| Location | Rugby |
| Age | 71 years |
| Date of Birth | 12/1935 |
| Date of Death | 9/2007 |
| Visitors | 494 since 24/11/2007 |
| Creator |
sidney bates sadly died 5th september 2007 after a fight with acute myloid leukemia (aml)
the whole bates family is at a loss now you have gone dad and i for one just struggle with the fact
that i can no longer just call you and say hello or pop round to see you when i want to.
i guess i always thought that you may just make a miraculous recovery after we were told your aml
had come back for the second time, you fought so bravely, never complaining or moaning just
accepting what was happening and making the best of it, always smiling and putting on a brave face
for us all.
you were such a proud man a family man loving shirley and all your children and grandchildren.

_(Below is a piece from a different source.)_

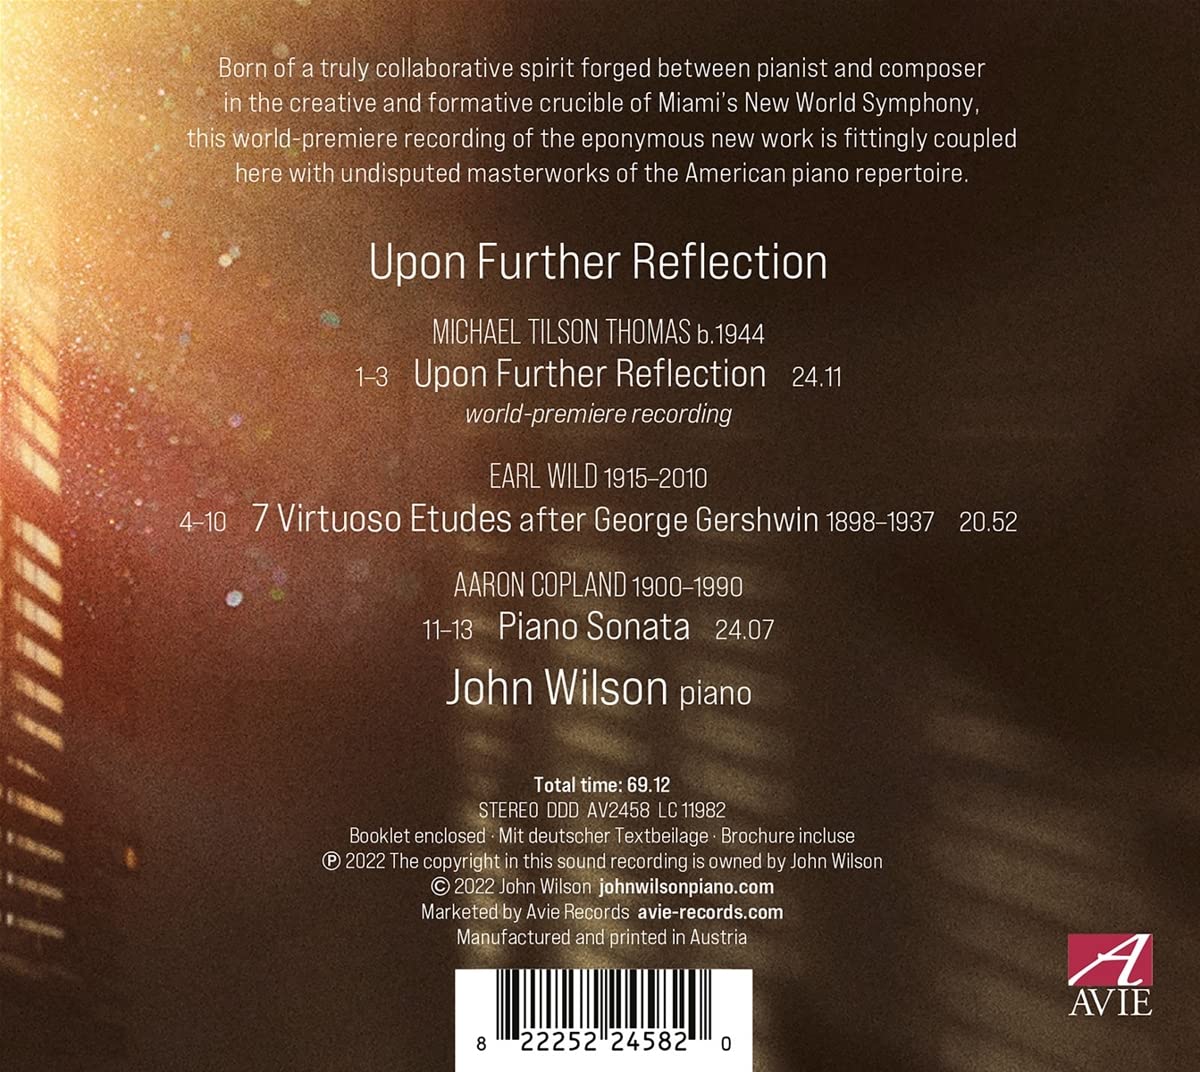 John Wilson 틸슨 토머스: '깊어지는 명상' / 와일드: 거슈윈 노래에 의한 에튀드 / 코플런드: 피아노 소나타 (Upon Further Reflection)

i am trying to keep myself together dad but i do find it such a struggle every day i find myslef
breaking down crying asking the same questions all the time why ! why !
the boys miss you so much dad and for them it is such a shame that you will not be around to be part
of their life as they grow up but i promise you this dad your memory will live on with them and
everybody else as you will never be forgotten.
have told olly that when he looks up into the sky at night and sees the brightest star in the sky
thats yours dad, he smiles and sweetly says daddy thats grandads star !!!!!
george does not say much dad as you know but he just cant understand why you have gone i try to
explain it to him but i struggle to understand myself and im a grown man.
i miss you so much dad i wish you were here with us..............
''god saw you getting tired
when a cure was not to be
so he wrapped his arms around you
and whispered come to me
so keep your arms around dad lord
and give dad special care
make up for all dads suffering
and all that seemed unfair''
god bless and look after you dad, keep looking down and think of us dad as we do you as we look up
to you.
all my love dad forever and ever david xxxxxxxxx
Peace Dad xxx
You didn't deserve what you went through,
So God gave you rest.
God's garden must be beautiful,
He only takes the best
And when I saw you sleeping,
So peaceful and free from pain
I could not wish you back
To suffer that again.
Pain stuffed inside of me
Can't let anyone near me
Can't let anyone see the real me
Can't let anyone even hug me
All this pain that's held in me
Why can't anyone see the real me
Why can't anyone help me
Why can't someone just hold me
All this pain that's eating me
Can't let go of the pain in me
Can't get this pain from me
Can't get this pain out of me
When will the pain stop hurting me
Why can't I just feel me
Why can't I just be me
Why can't someone take this pain from me
Dad
No person is ever truly alone.
Those who live no more,
Whom we loved,
Echo still within our thoughts,
Our words, our hearts.
And what they did
And who they were
Becomes a part of all that we are,
Forever.
Long time
It seems strange coming back and viewing your memorial Dad its been a while since i have been here.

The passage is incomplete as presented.